During a code review, I noticed a piece of code that was calling includes inside filter.

The code looked something like this:

const valuesToKeep = [2, 4];
const valuesToTest = [1, 2, 3, 4];
const values = valuesToTest.filter((n) => valuesToKeep.includes(n)); // [2, 4]

The comment I left was along the lines:

"Hey, be careful, filter is O(n) and includes is O(n) so this is O(n2). This would perform as O(n) if you used a Set, BUT since the arrays are so small it probably does not make a difference".

To illustrate the comment with code, this is what I had in mind:

const valuesToKeep = [2, 4];
const valuesToTest = [1, 2, 3, 4];
const setToKeep = new Set(valuesToKeep);
const values = valuesToTest.filter((n) => setToKeep.has(n)); // [2, 4]

My comment didn't sit well with me because saying "hey this will perform OK because the data is a certain way" is not a good idea: the data may change, or maybe I'm just wrong.

So I decided to put this to test. I'm going to generate two arrays containing random integers: an array of values to keep, and an array of values to test.

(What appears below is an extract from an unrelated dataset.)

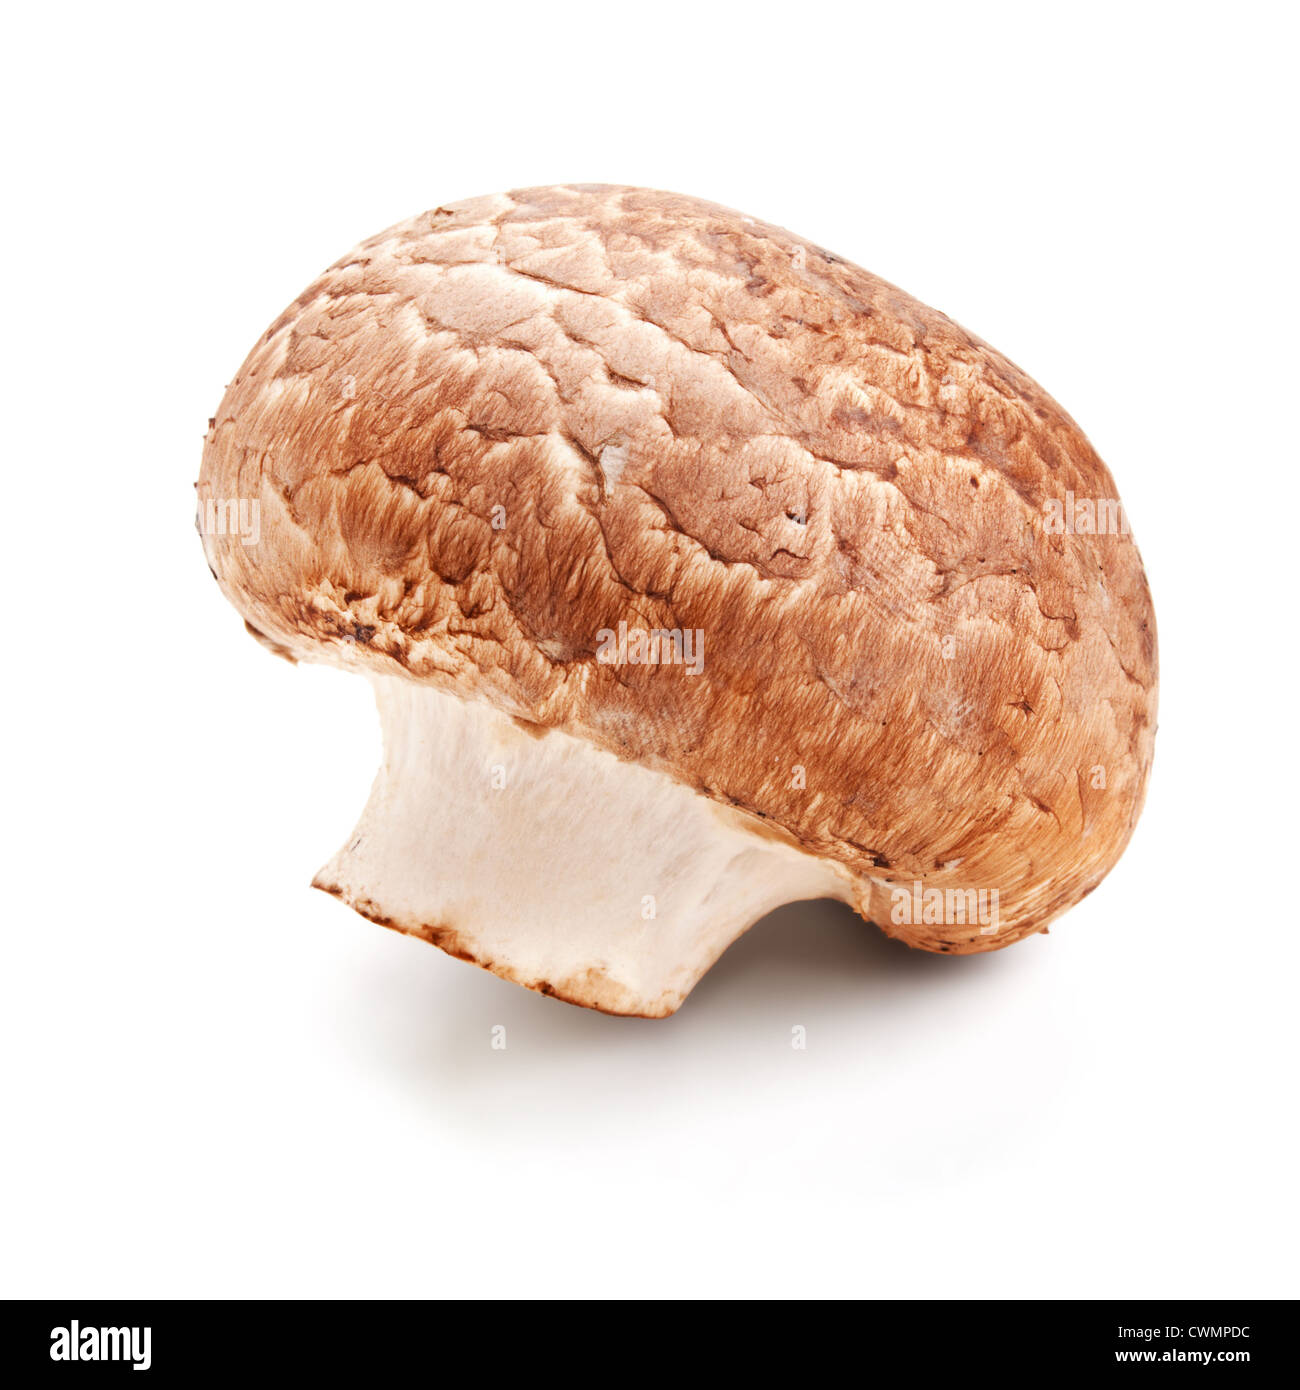 Funghi freschi champignon isolati su sfondo bianco Foto Stock

The premise is that the array of values to keep is much smaller than the array of values to test, so we're going to make the array of values to test 10 times bigger than the array of values to keep.

// array of values to keep
const valuesToKeep = Array.from({ length: LENGTH }, () => getRandomInt());

// array of values to check
const valuesToTest = Array.from({ length: LENGTH * 10 }, () =>
  getRandomInt()
);

Then we're going to run two tests: one using includes, and one using has, and we're going to start with LENGTH at 10, and increase it every time, as my premise is that for small array it won't matter much, but we want to see WHEN it starts mattering:

// filter using includes
console.time("includes");
valuesToTest.filter((v) => valuesToKeep.includes(v)); // n2
console.timeEnd("includes");

// filter using has
console.time("has");
const valuesToKeepSet = new Set(valuesToKeep);
valuesToTest.filter((v) => valuesToKeepSet.has(v)); // n
console.timeEnd("has");

And here are the results:

Length of values to keep:  1
Length of values to test:  10
includes: 0.207ms
has: 0.190ms

Length of values to keep:  10
Length of values to test:  100
includes: 0.020ms
has: 0.017ms

Length of values to keep:  100
Length of values to test:  1000
includes: 0.204ms
has: 0.071ms

Length of values to keep:  1000
Length of values to test:  10000
includes: 9.942ms
has: 1.307ms

Length of values to keep:  10000
Length of values to test:  100000
includes: 131.686ms
has: 8.016ms

Length of values to keep:  100000
Length of values to test:  1000000
includes: 1324.318ms
has: 71.495ms

So yes, I am right that with a small quantity of data, Array.includes and Set.has perform roughly the same, but we can see how quickly performance degrades, and the change is so small that it's hard to justify not making it, even for small data samples. Should the size of the data increase, especially the size of the valuesToKeep array, the code is future proof.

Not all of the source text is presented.